= Office of Community Services =

U.S. government agency that promotes economic development

OCS logo as of 2018

The Office of Community Services (OCS) is a division of the US Executive Branch under the Administration for Children and Families within the Department of Health and Human Services. It is the direct successor of the Office of Economic Opportunity, an independent agency created in 1964.

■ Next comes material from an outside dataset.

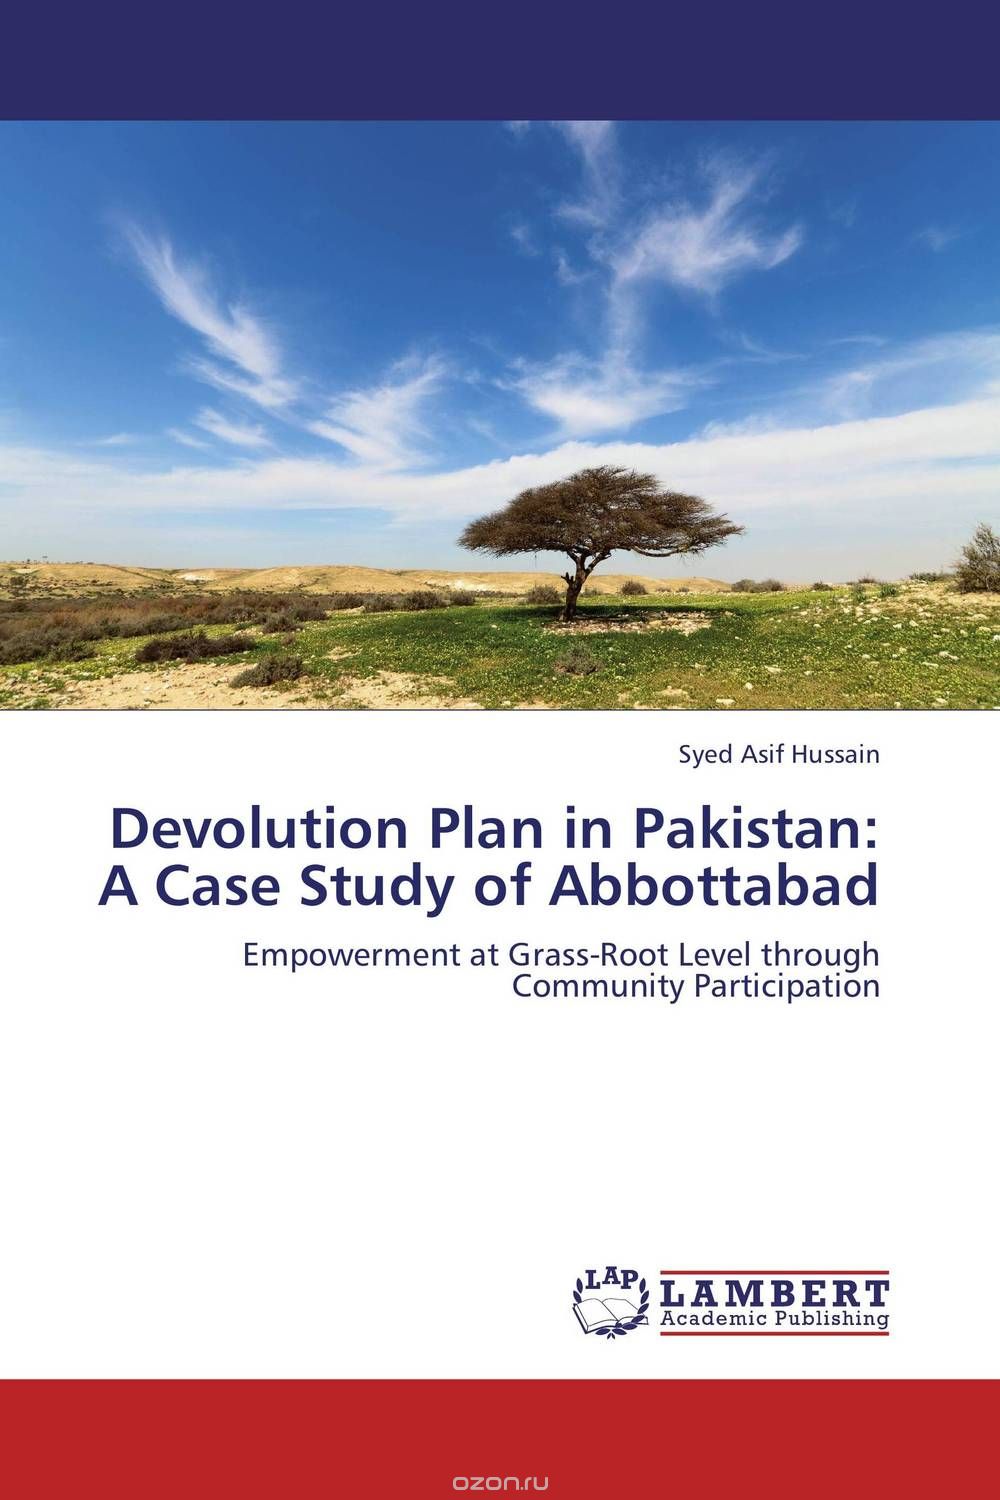 Скачать книгу "Devolution Plan in Pakistan: A Case Study of Abbottabad"

OCS administers six programs which provide funding for community development and poverty alleviation for private and public agencies:

- The Assets for Independence program, which provides matching contributions to Individual Development Accounts for those eligible for the Temporary Assistance for Needy Families program. The program was funded at $18.9 for the 2016 fiscal year. Participants in the program's first year saw a median increase in saving of $657, a drop in experiences of economic hardship by 34%, and a 39% drop in the use of payday loans.
- The Community Economic Development Program, which provides funding for non-profits with the principal goal of supporting low-income housing or community economic development. The program was funded at $19.75 million for the 2017 fiscal year. This program includes separate funding as part of the Healthy Food Financing Initiative, a partnership between the Department of Health and Human Services, the Treasury Department, and the Department of Agriculture to increase access healthy food.
- The Community Services Block Grant, which was created in 1981 in a consolidation of over 200 government programs, and provides funding directly to states to distribute. The program was funded at $715 million in the 2016 fiscal year.
- The Low Income Home Energy Assistance Program, which "provides grants to states to fund fuel payment assistance and home energy efficiency improvements for low-income households." The program was funded at $3.39 billion in the 2016 fiscal year.
- The Rural Community Development Program which provides funding for water management and wastewater treatment. The program was funded at $7.45 million in the 2016 fiscal year.
- The Social Services Block Grant, used to support a wide range of activities. As of 2010, the most highly supported of which were child care, foster care, and services for the disabled. The grant is authorized by Title XX of the Social Security Act, and funding is allocated according to population. The program was funded at $1.6 billion for the 2016 fiscal year.